Every year, it seems like the food waste problem is getting worse faster than it can get better. As much as people want to buy all of the food off of the shelves before it goes bad, there’s just too much. As much as people want to ship the food to people or places that have less, it will barely make the journey. And as much as people want to dispose of their waste as efficiently as possible, there just isn’t a great infrastructure for it.

Yet it never gets less painful watching tons and tons of food fill up plastic bags and landfills.

Efforts around the world are skyrocketing to try and find good solutions to this problem, although so far, most of the proposals seem too little too late. But one solution might finally hold the key to making a real difference: food-fueled biogas. And the city of Toronto plans to maximize its potential, as fast as possible – starting with the waste collectors themselves.

Toronto Garbage Trucks Will Use Collected Food Waste For Fuel

According to a recent announcement from Toronto city officials, the city has legislated four pre-planned waste-to-RNG (Renewable Natural Gas) production schemes for the coming years; all of which will be made possible by their recently constructed Dufferin Solid Waste Management Facility.

The first of the four plans is for garbage collection. Starting in March 2020, all of the city’s garbage trucks will revert to power from biogas produced by the same trash that they collect. The waste and food scraps gathered from the Green Bins all around the city will then be brought to the facility for processing, where it will create biogas collected by anaerobic digesters that transform it into renewable natural gas. The trucks will then fuel their tanks with it right then and there before heading back out.

The city is also exploring options to irrigate renewable natural gas from the facility’s natural gas pipeline to fueling stations and even homes and businesses to provide heat and electricity.

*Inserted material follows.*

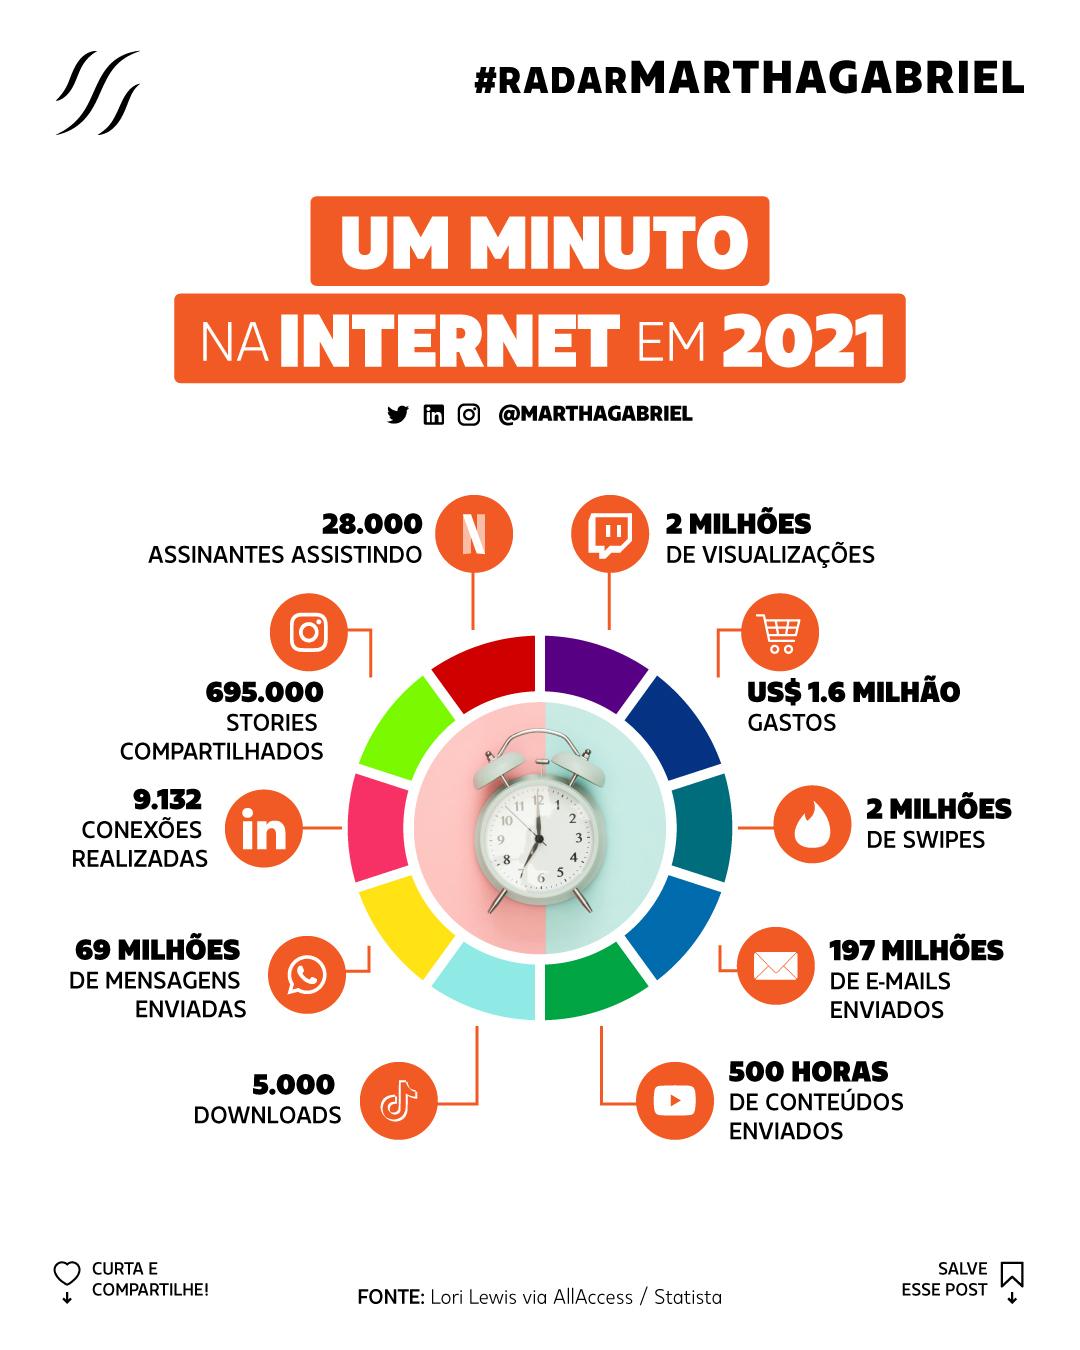 Um Minuto na Internet em 2021
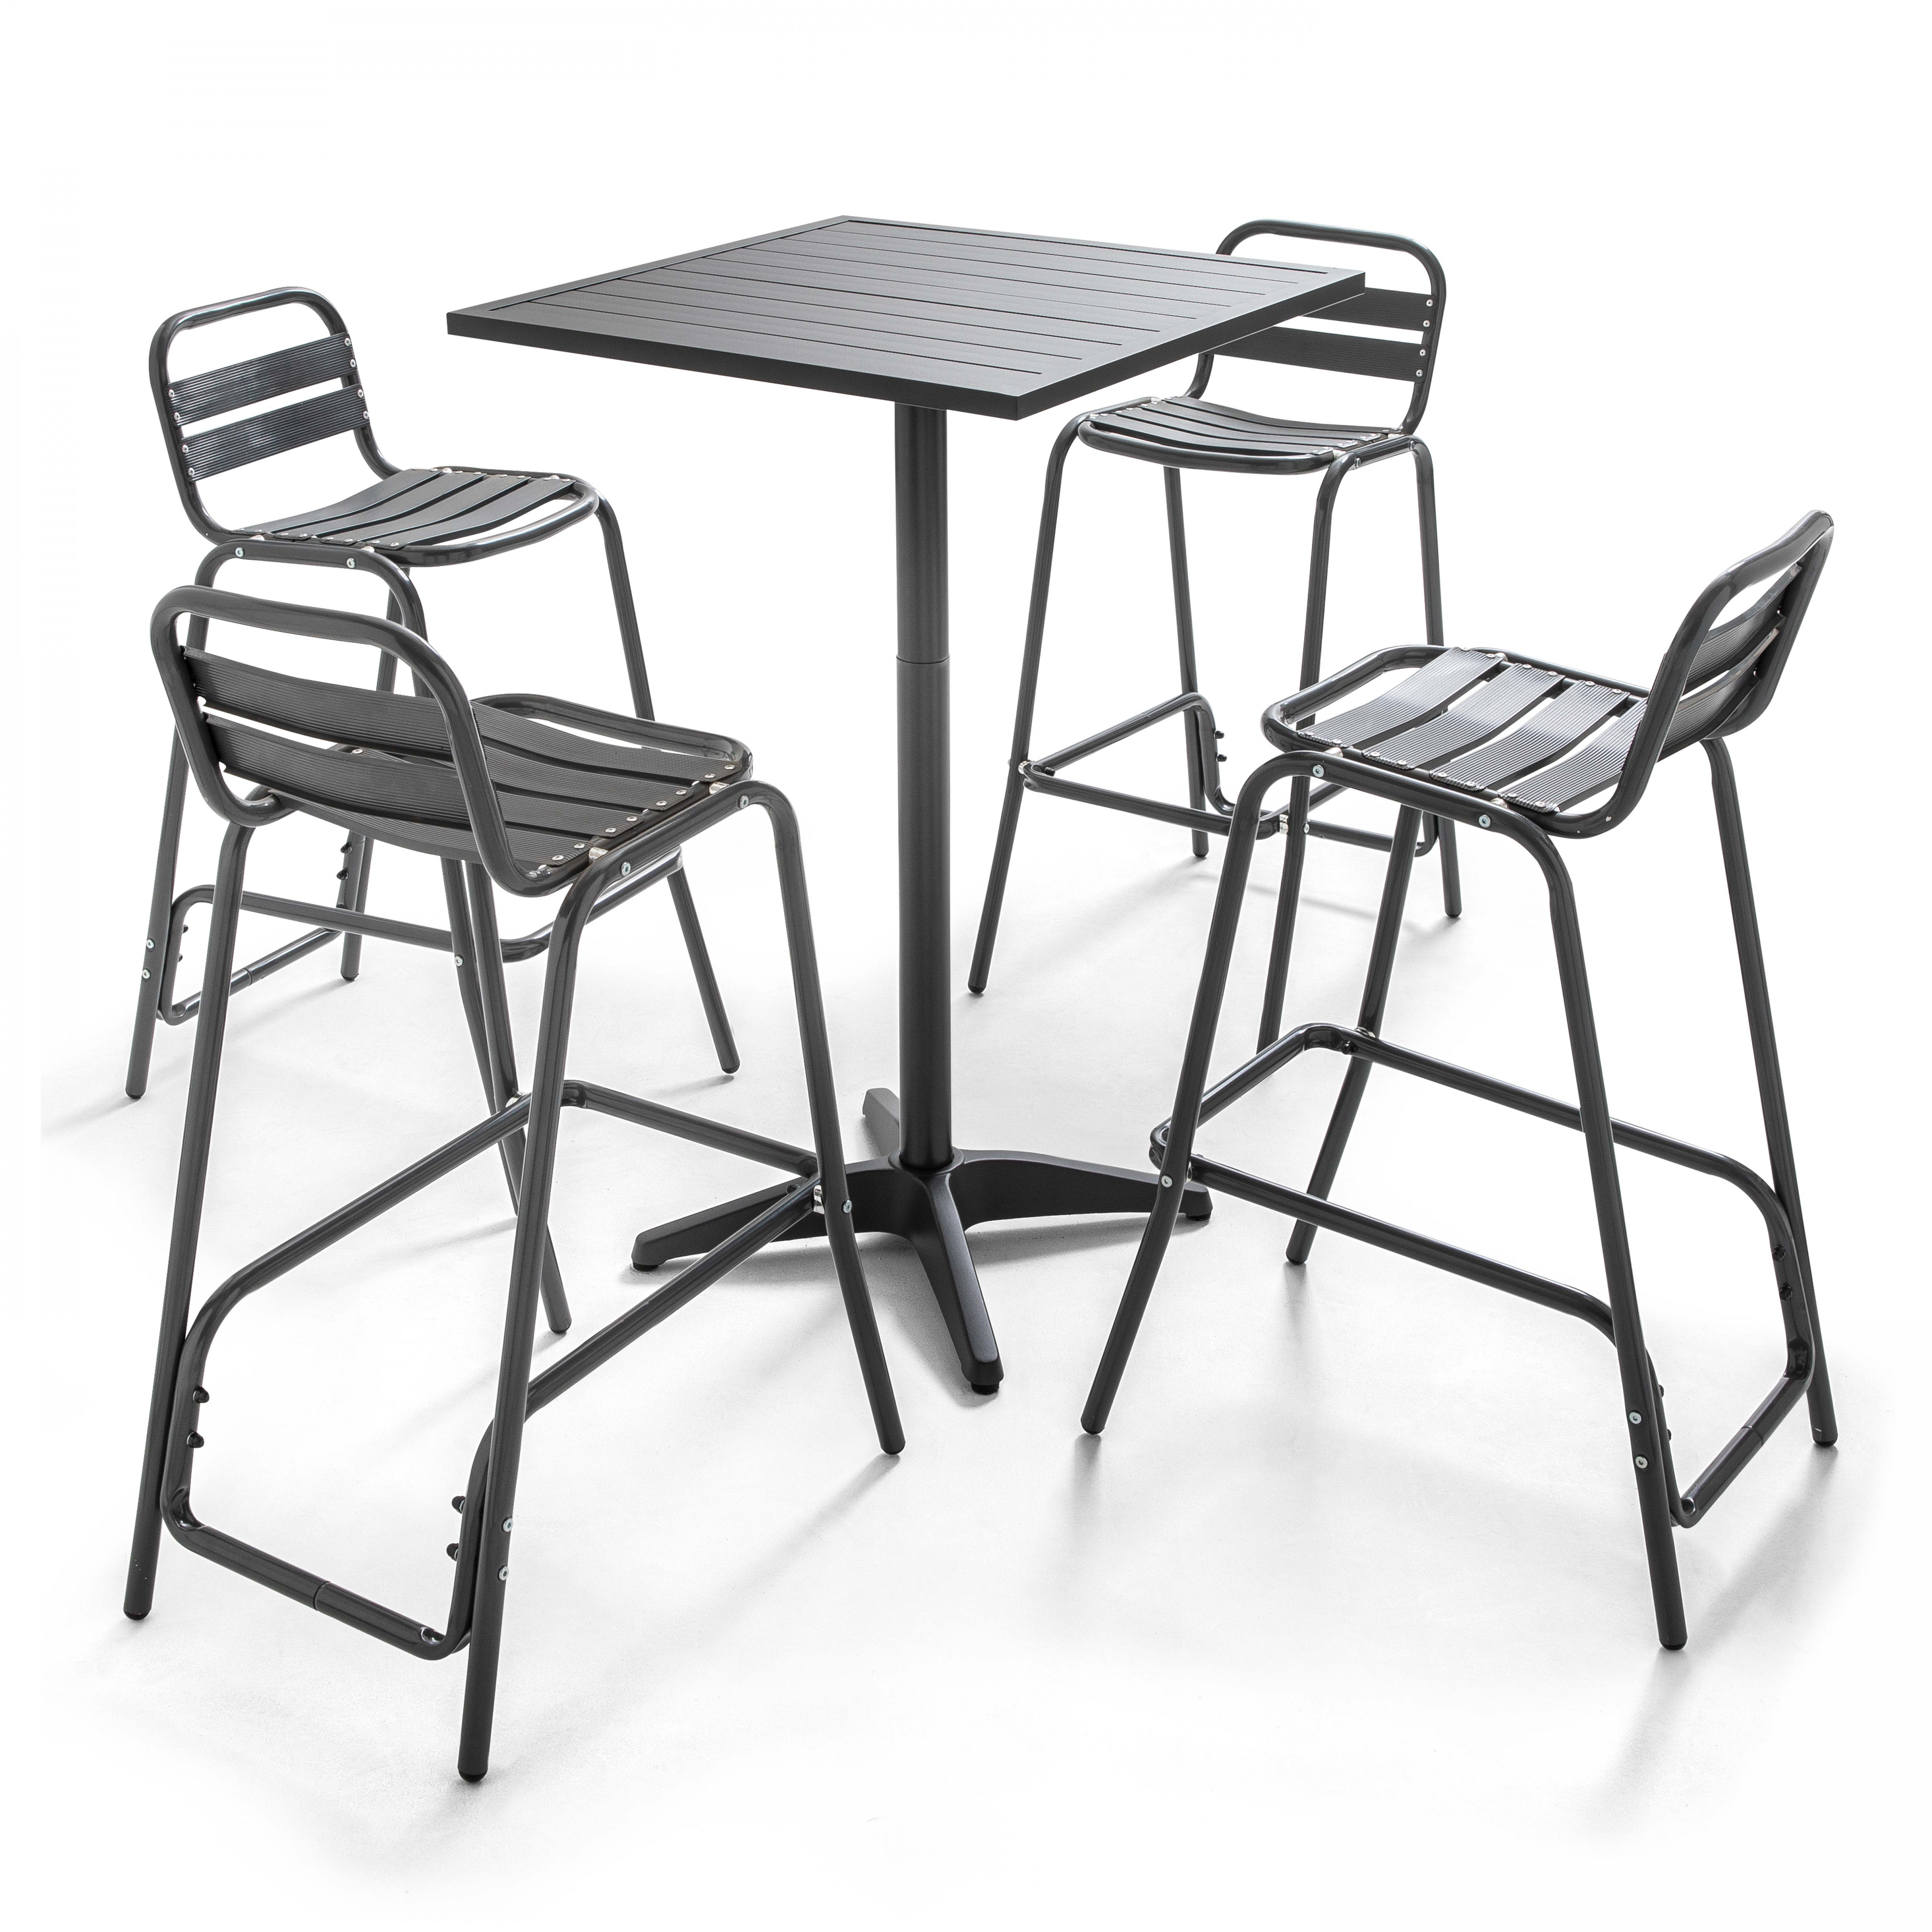 Table de jardin grise mange-debout et 4 chaises hautes en aluminium

Toronto Garbage Trucks Will Use Collected Food Waste For Fuel

As the city officials explained, “RNG is less expensive and more environmentally friendly than fossil fuels such as diesel. [And] RNG generated from food waste is actually considered carbon-negative, because the reduction in emissions by not extracting and burning petroleum-based fuel, and the emissions avoided by not sending organics to landfill, exceed the direct emissions associated with the production and use of RNG.”

Toronto will be the first city in North America to see this potential through to a tangible plan and hopes others will follow in its stead soon.